# Here's My March T-Down Entry.



## meateater (Apr 9, 2010)

Here's my March Throwdown entry folks. Chicken in 6 time zones. 
First here's my menu board and ingredients.




Here's the completed dish.

Mexican - Mole Chicken On Black Beans And Rice.

American - Chicken CornBread Fritter On Mashed Taters With Country Gravy.

Italian - Lasagna Wrapped Chicken On Asparagus With Marsala Mushroom Sauce.

German - Chicken With Sauerkraut, Lil Smokies, Bacon And BBQ Sauce.

Indian - Chicken Curry With Curry, Onion, Garlic, Paprika, Cayenne, Ginger, Cumin, On Couscous With A 
Tumeric Curry Yogurt Sauce.

Asian - Japanese Chicken Soup With Mushroom Broth, Ramen Noodles, Ginger, Sesame Oil, Soy Sauce, 
Yoshida Sauce "Original", Tahini And Topped With Dried Wasabi Green Peas.

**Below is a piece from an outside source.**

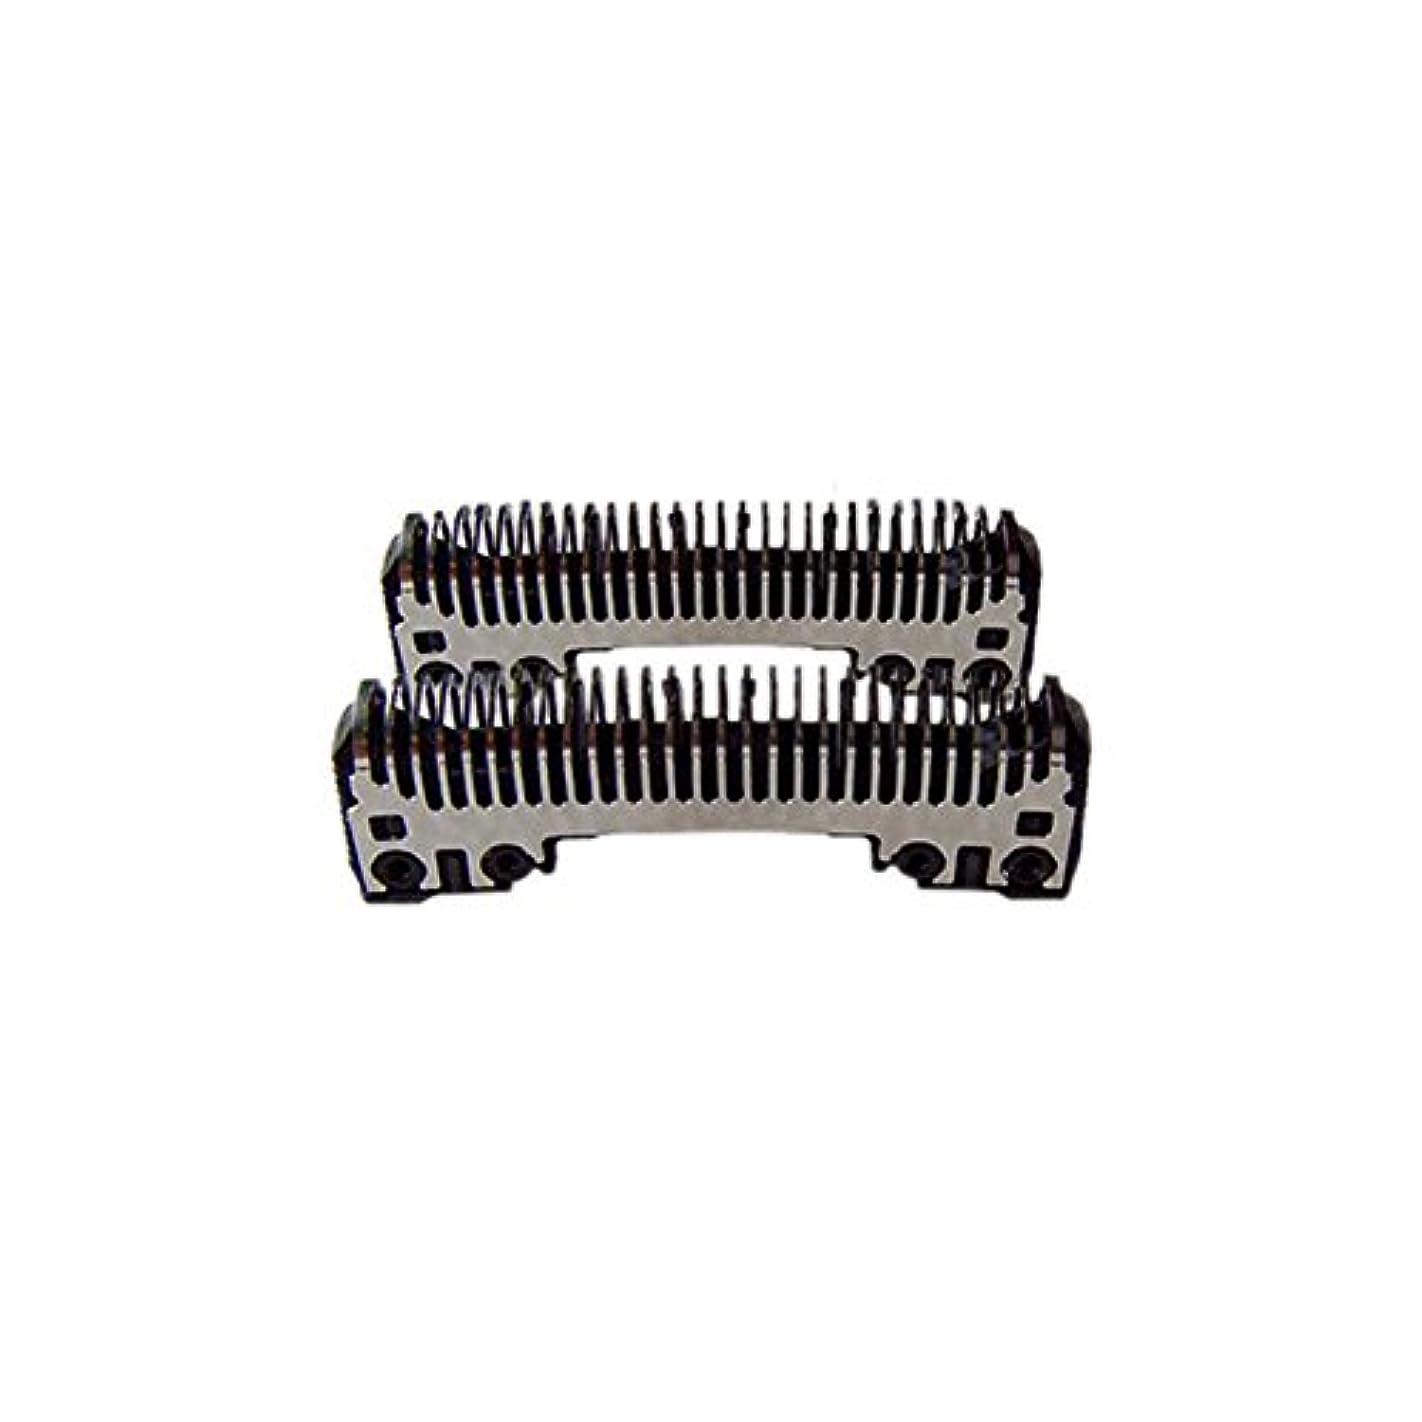 より良い散る嫌なJanjunsi 回転式シェーバー シェーバーパーツ シェーバー 交換用 替刃 内刃 耐用 for Panasonic WES9068 ES8113 ES8116/-GA20/-LT20/-LT50

Thank you taking a look. Now onto next months T-Down, YeeHaa!


----------



## caveman (Apr 9, 2010)

I thought this dish was great with the international theme & all!!!


----------



## miamirick (Apr 9, 2010)

everything looked great, one of the few dishes that just showed chicken and not all the fluff,  loved it!!!!


----------



## graybeard (Apr 9, 2010)

TO THE CHEF!

beard


----------



## chefrob (Apr 9, 2010)

nice job and great theme!


----------



## beer-b-q (Apr 9, 2010)

Great entry and looks like a lot went into making it...


----------



## treegje (Apr 9, 2010)

Man those look good, certainly earned points


----------